■ Exercise aim
When you reproduce the listing, keep every word as it is and drop the pictures.
Top of Data shown
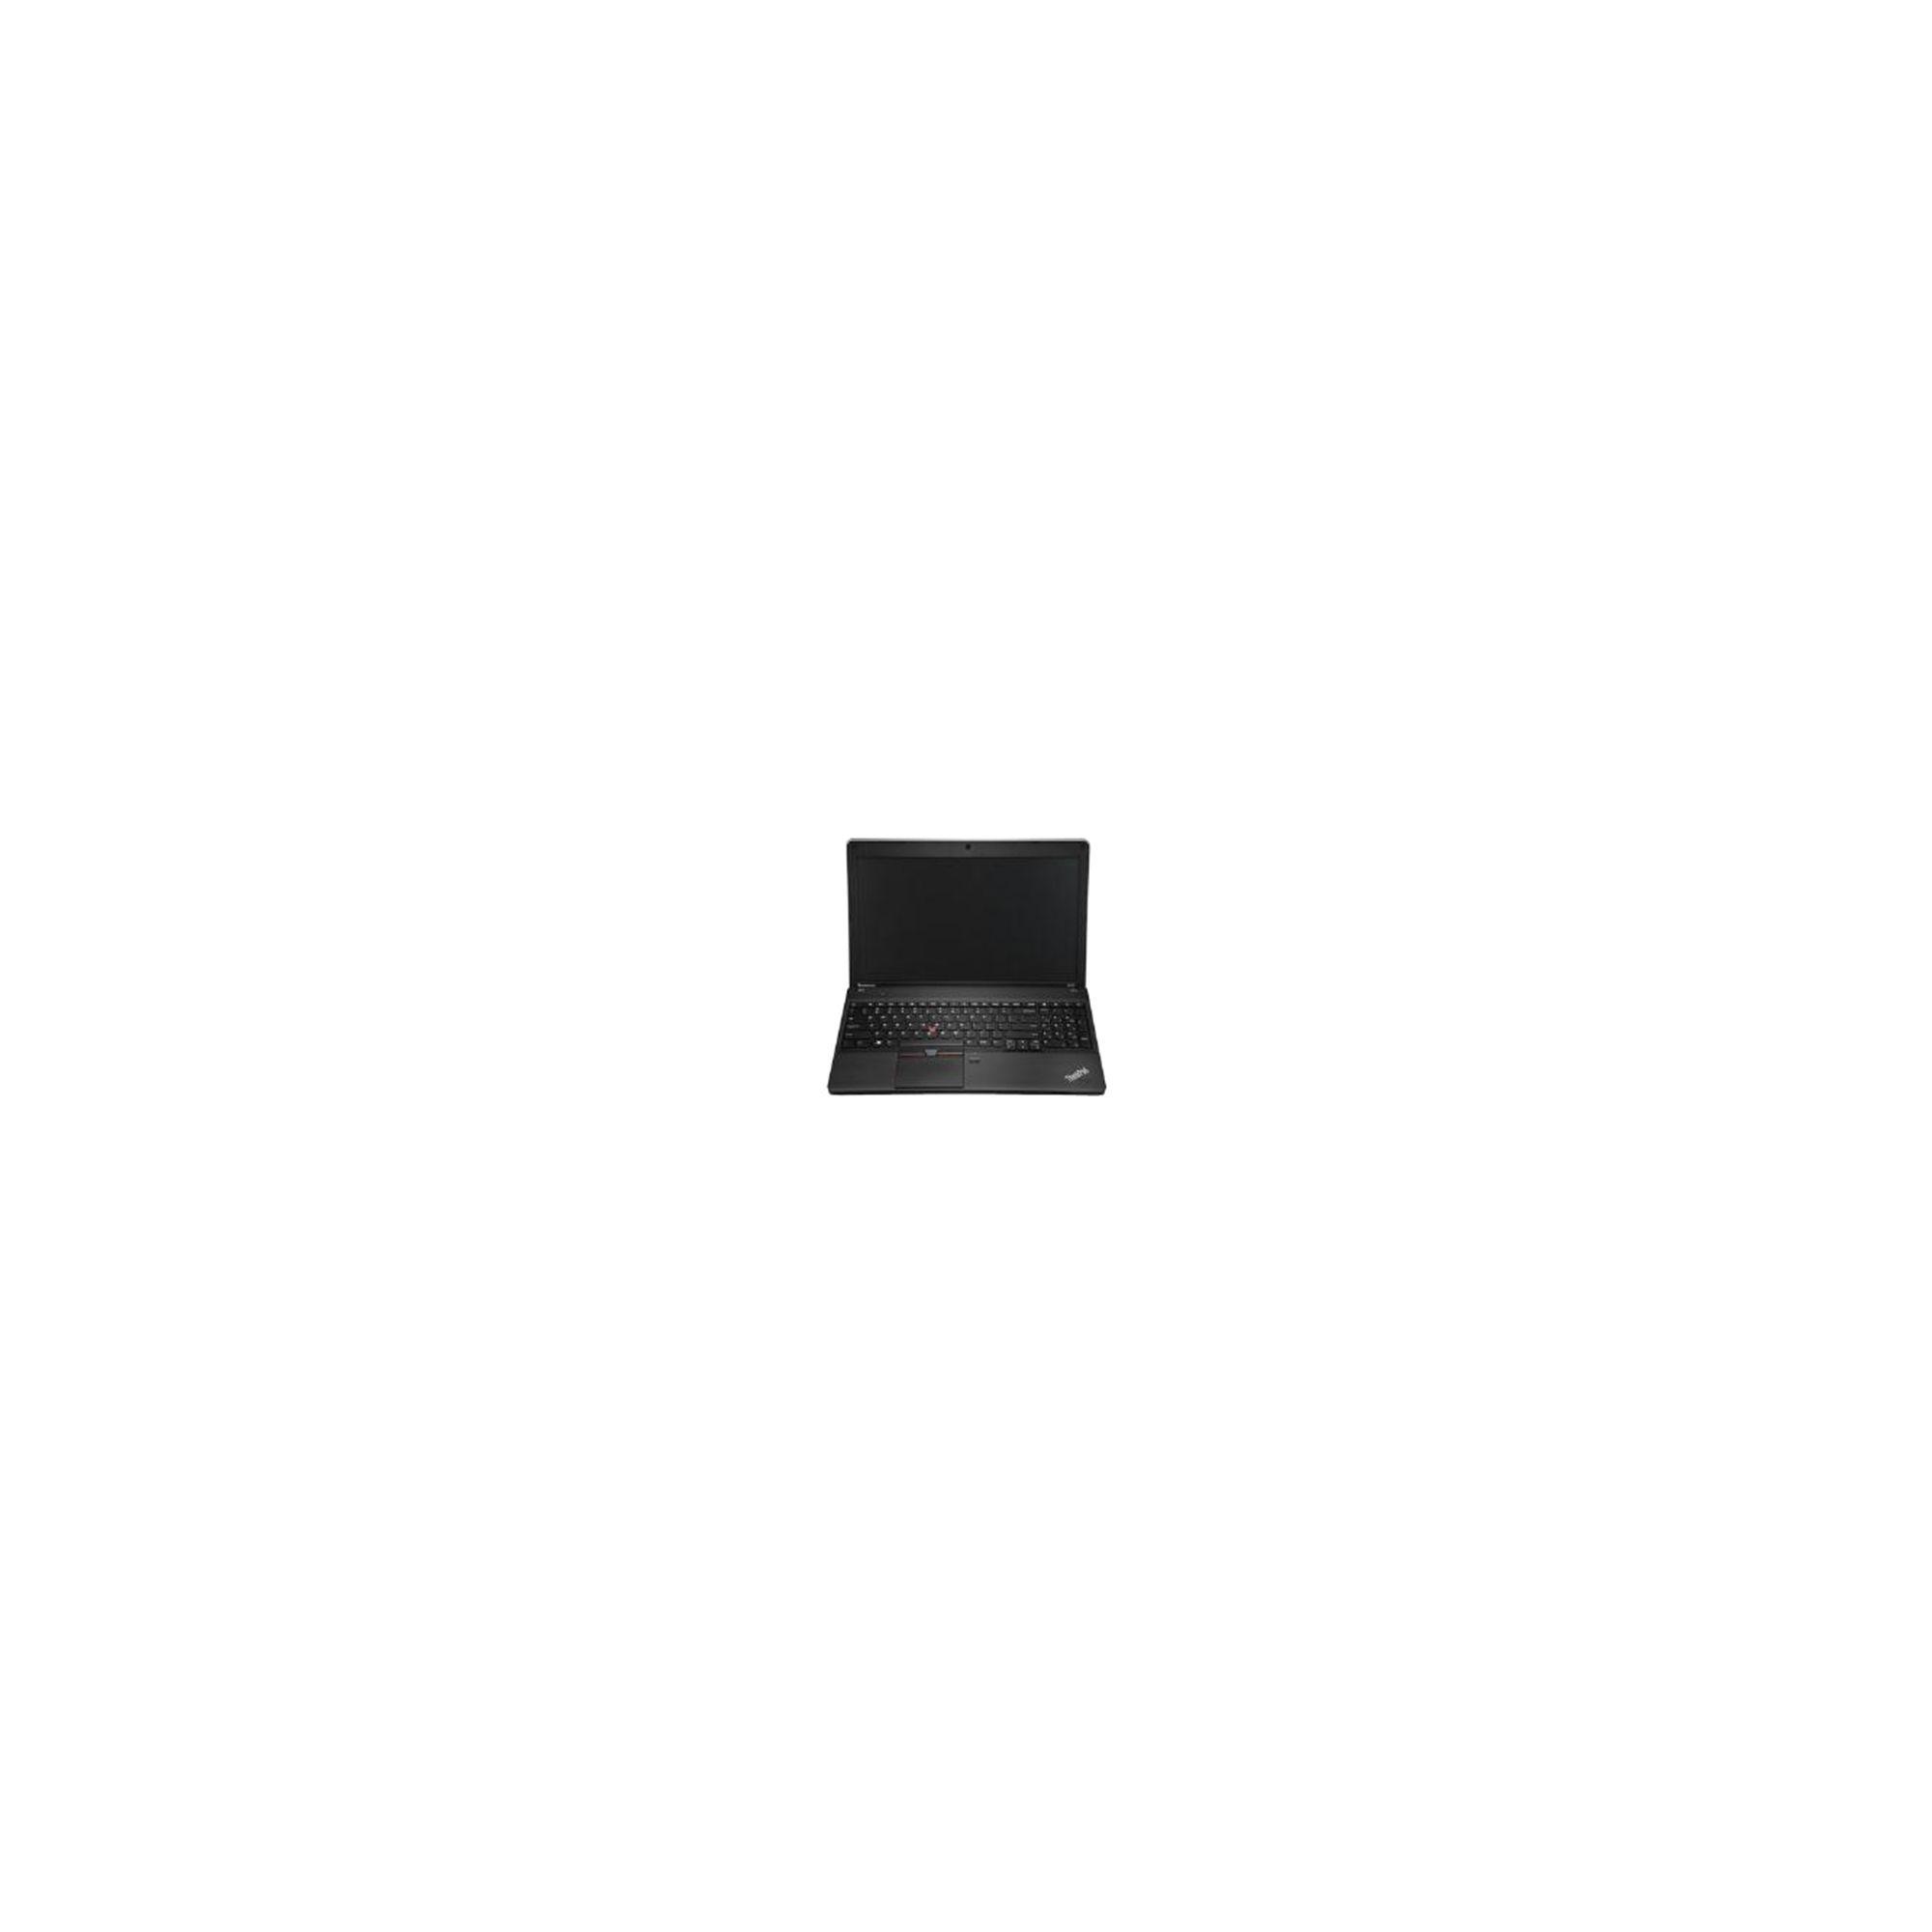 Lenovo ThinkPad Edge E530 627249G (15.6 inch) Notebook Core i5 (3210M) 2.5GHz 4GB 750GB DVD±RW WLAN BT Webcam Windows 7 Pro 64-bit/Windows 8 Pro at Tesco Direct
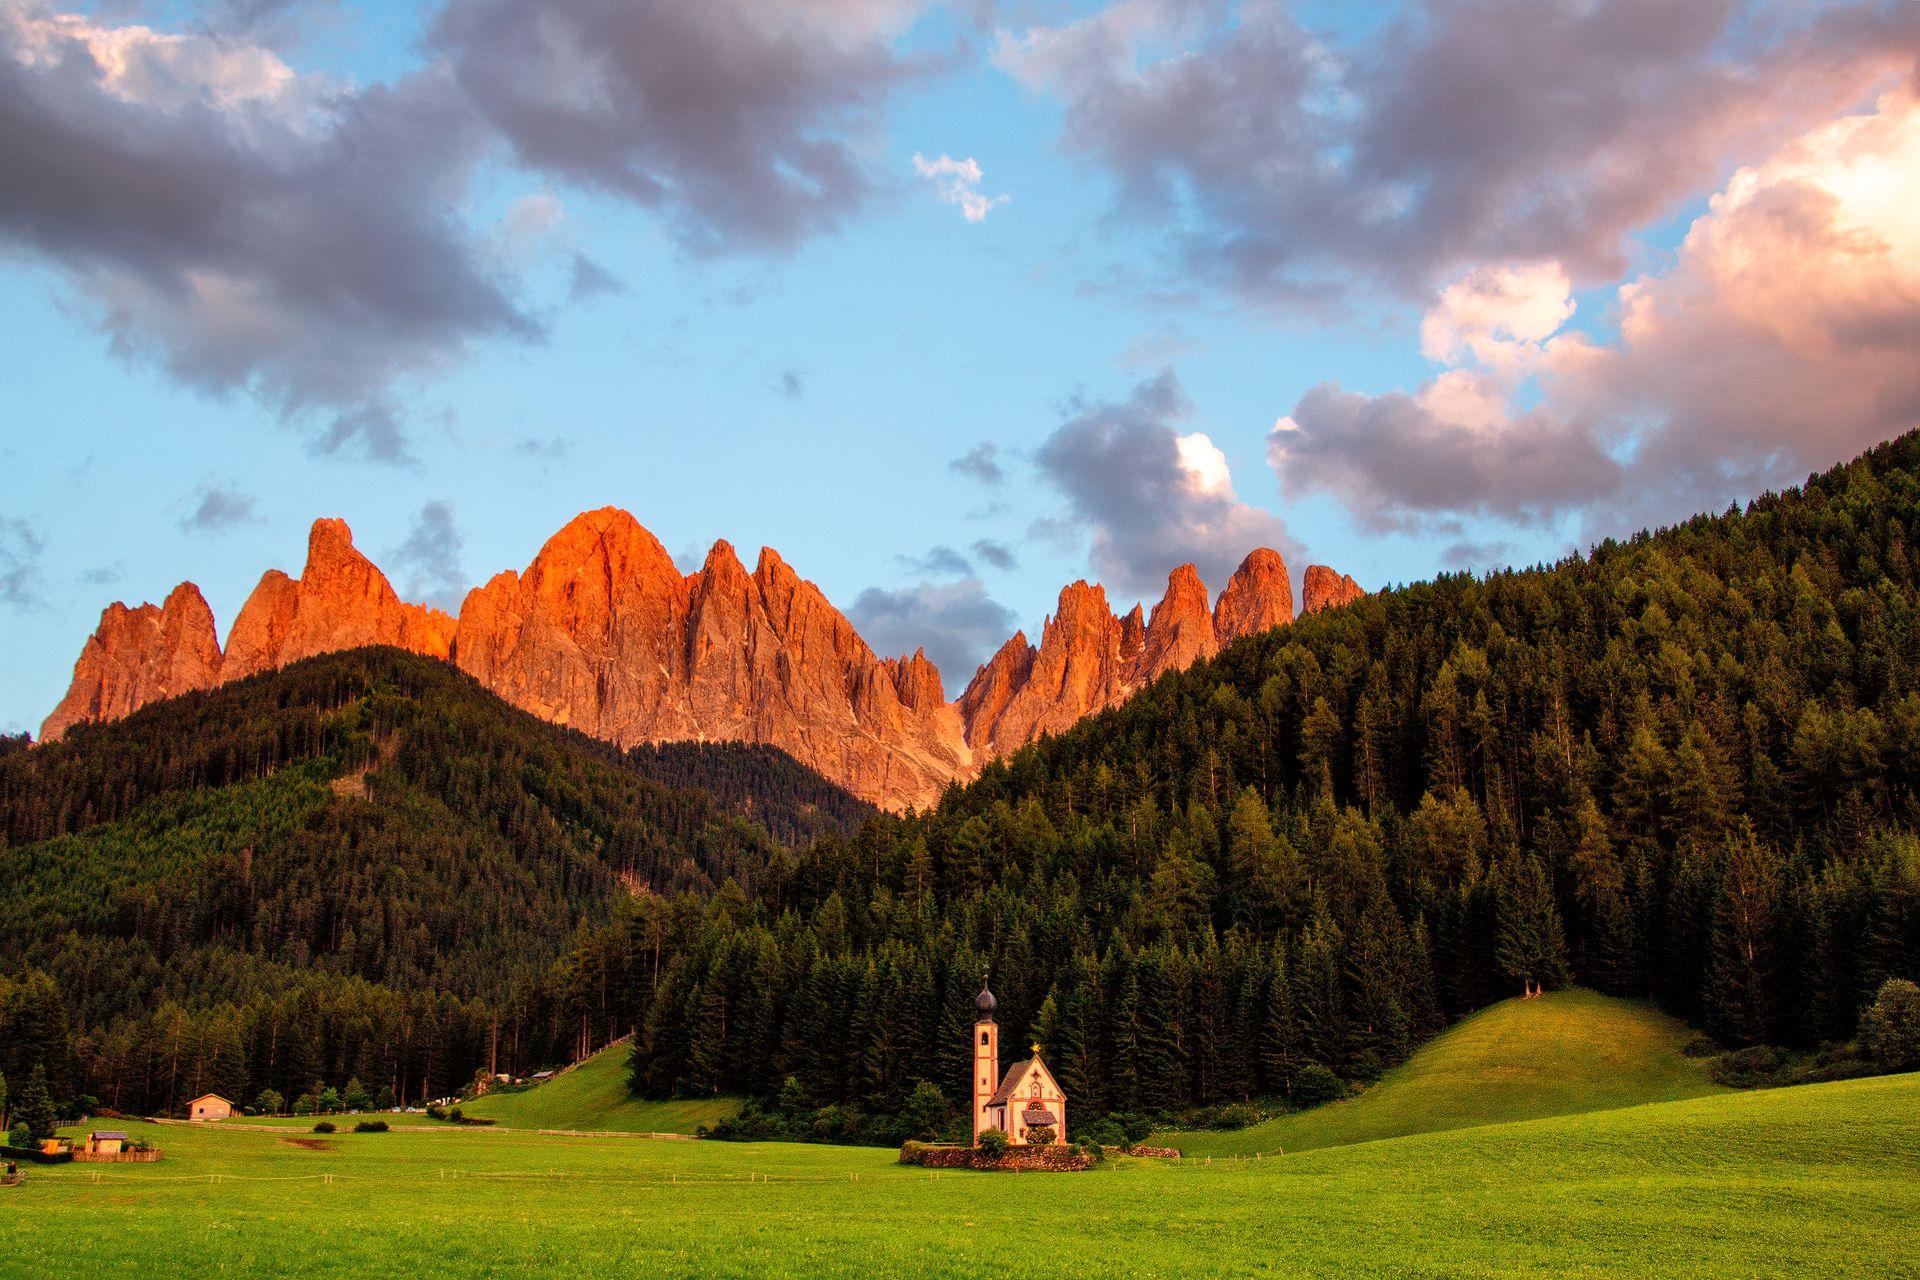 St Johann Church (San Giovanni), Puez-Geisler, Val di Funes, South Tyrol, Italy, church, sunrise, mountains, earthporn, clouds, landscape
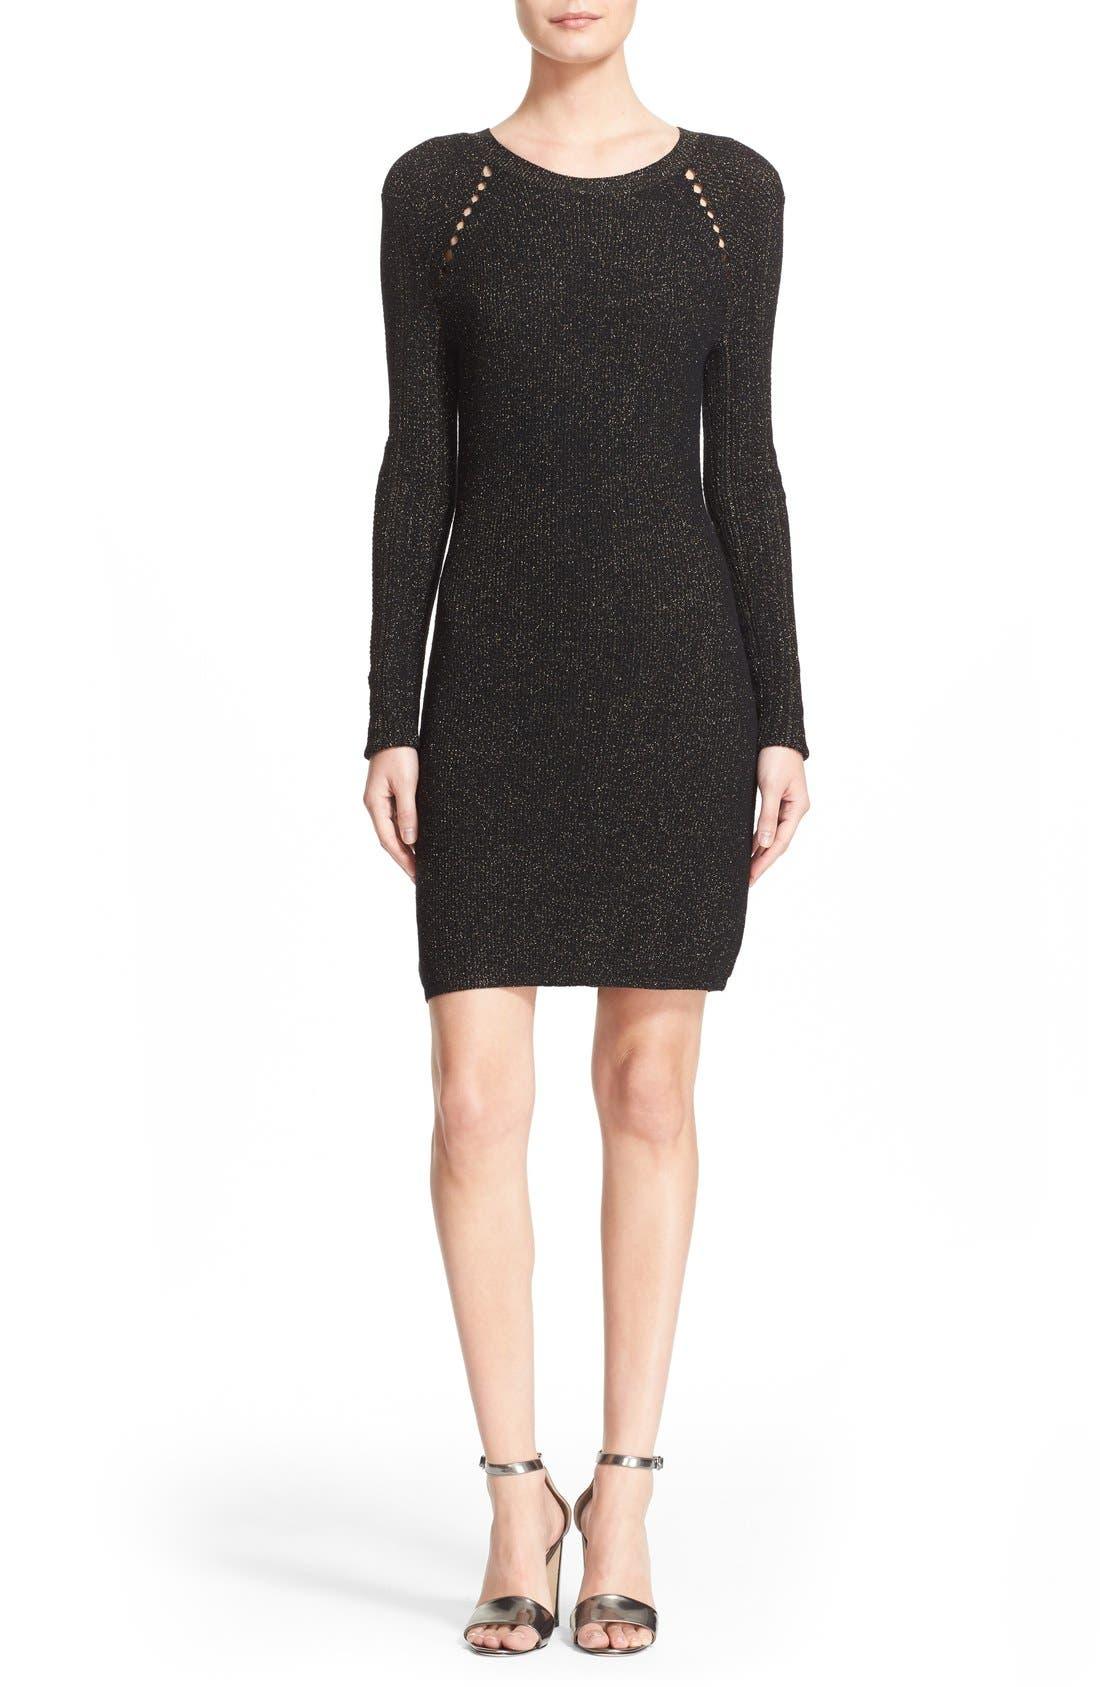 Alternate Image 1 Selected - Derek Lam 10 Crosby Metallic Sheath Dress
Bottom of Data shown
■ Answer for this exercise
 Lenovo ThinkPad Edge E530 627249G (15.6 inch) Notebook Core i5 (3210M) 2.5GHz 4GB 750GB DVD±RW WLAN BT Webcam Windows 7 Pro 64-bit/Windows 8 Pro at Tesco Direct
 St Johann Church (San Giovanni), Puez-Geisler, Val di Funes, South Tyrol, Italy, church, sunrise, mountains, earthporn, clouds, landscape
 Alternate Image 1 Selected - Derek Lam 10 Crosby Metallic Sheath Dress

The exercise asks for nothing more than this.